NEW YORK (WOMENSENEWS)–Betsy Wade, an exemplar for hundreds of journalists, sat down for a turn-around–she was the subject of the interview now that she had officially retired from her 45-year career at The New York Times.

Wade took a long, hard look at the tape recorder and the reporter with an opened notebook and pen in her hand and opened her own notebook and began asking questions.

“How do you spell your last name now, Liz?” Wade asked her interviewer. “With a ‘ph,’ correct?” Ever the professional, she carefully spelled out “Liz Randolph” in her notebook and looked up with her intense blue-gray eyes, ready to go on, now that she was assured she had gotten the name right.
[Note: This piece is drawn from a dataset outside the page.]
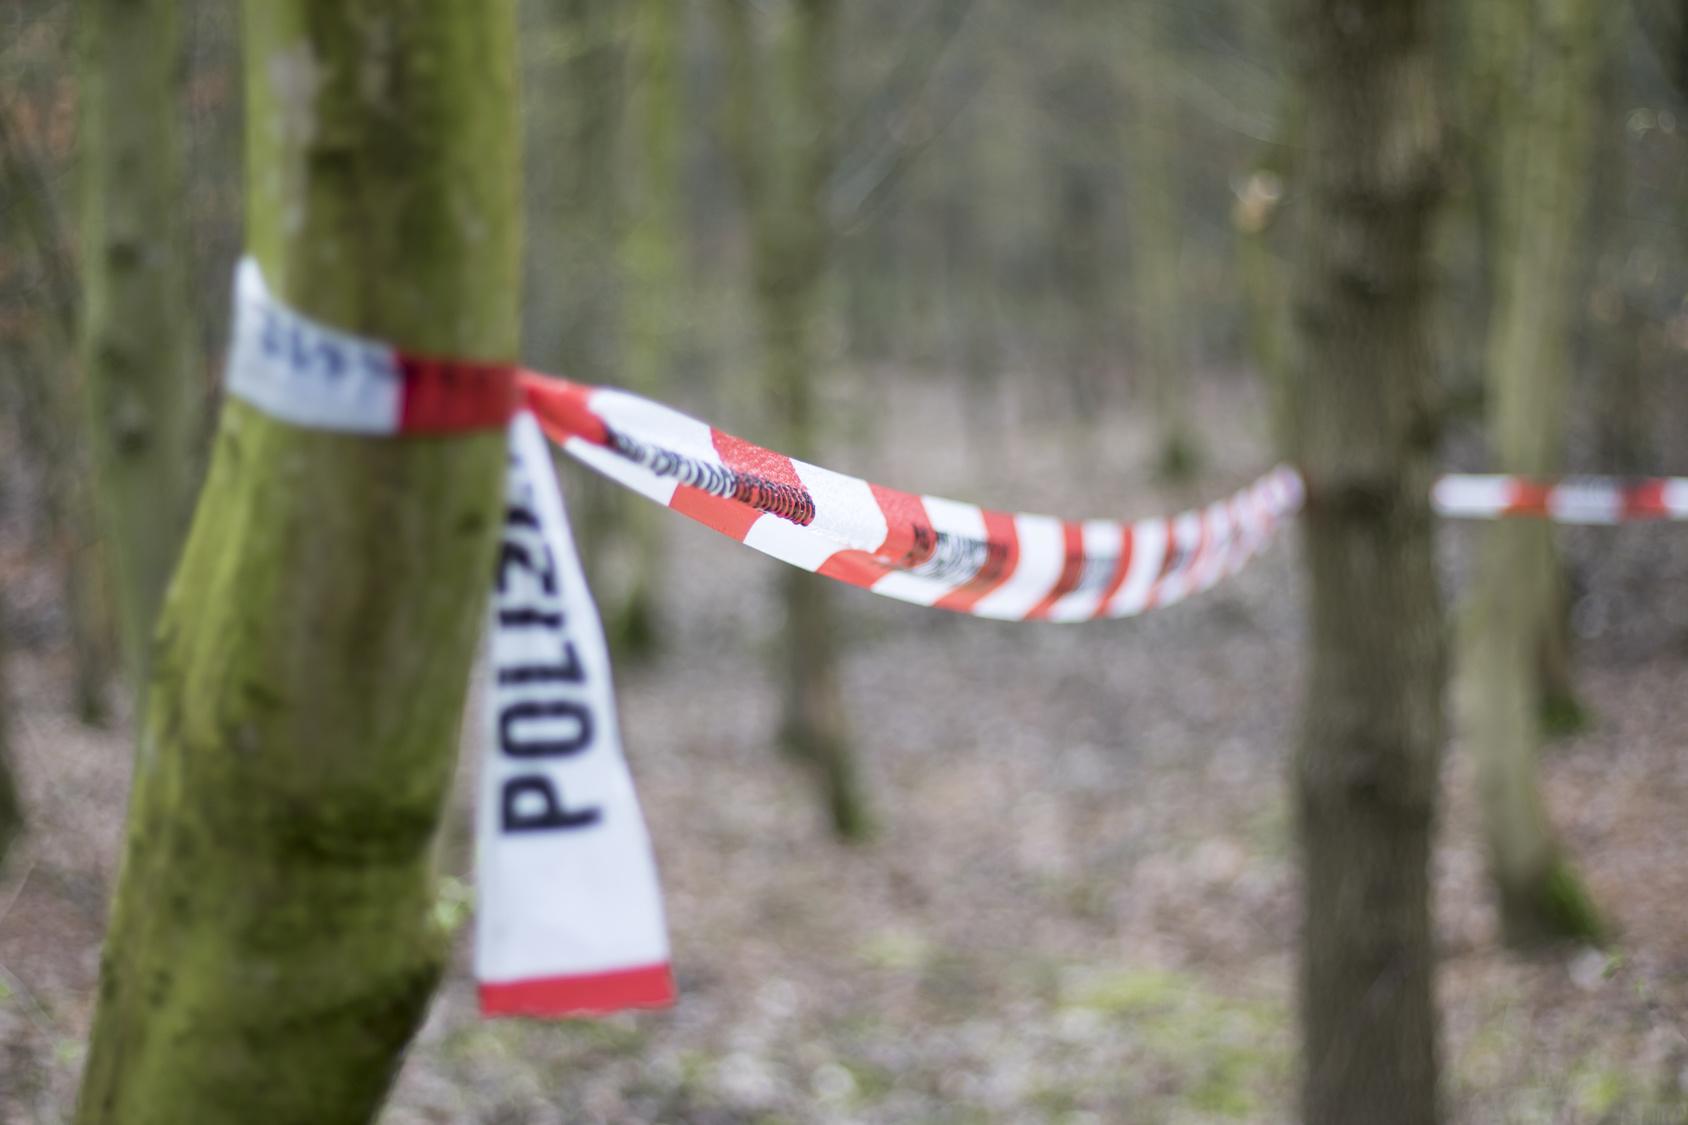 Frau stirbt bei Geburt im Wald Fall gibt Rätsel auf

Wade has made a habit of getting it right–whether it be the spelling of a name or the position of women in the profession. As a result, she enjoyed an extraordinary career for a dedicated wordsmith and self-admitted trouble-maker: She was the first woman copy reader ever hired by The New York Times, the first woman chief copy editor on the foreign desk and the writer of the Practical Traveler column for 14 years. She was also the first woman to serve as president of the New York local of the Newspaper Guild, the largest in the nation and a named plaintiff in the landmark sex discrimination lawsuit against the Times. (

Born in New York City in 1929, Wade’s family moved from East 43rd Street to the well-to-do suburb of Bronxville, N.Y., when she was 5 years old. Wade was nurtured to love words by her father, Sidney, and by the 7th grade she had decided to become a journalist.

Billie Holiday’s Music Told Her Upsetting People Got Things Done

One of Wade’s more vivid memories of her youth was hearing in 1942 Billie Holiday’s anti-lynching anthem, “Strange Fruit,” when she was at camp Manumit in upstate New York.

“Years later I grasped the idea that somebody had written this song in order to upset people and to perturb them and to stir them to action,” Wade said. “It dawned on me that upsetting people was probably a way of getting things done.”

After two years at Carleton College in Minnesota and two years at Barnard College, Wade went on to Columbia’s Graduate School of Journalism, where she was recognized for her skills as an editor.

She got her first bitter taste of job discrimination at New York’s fabled Herald Tribune, where she was a reporter. She was fired after informing her employer she was pregnant.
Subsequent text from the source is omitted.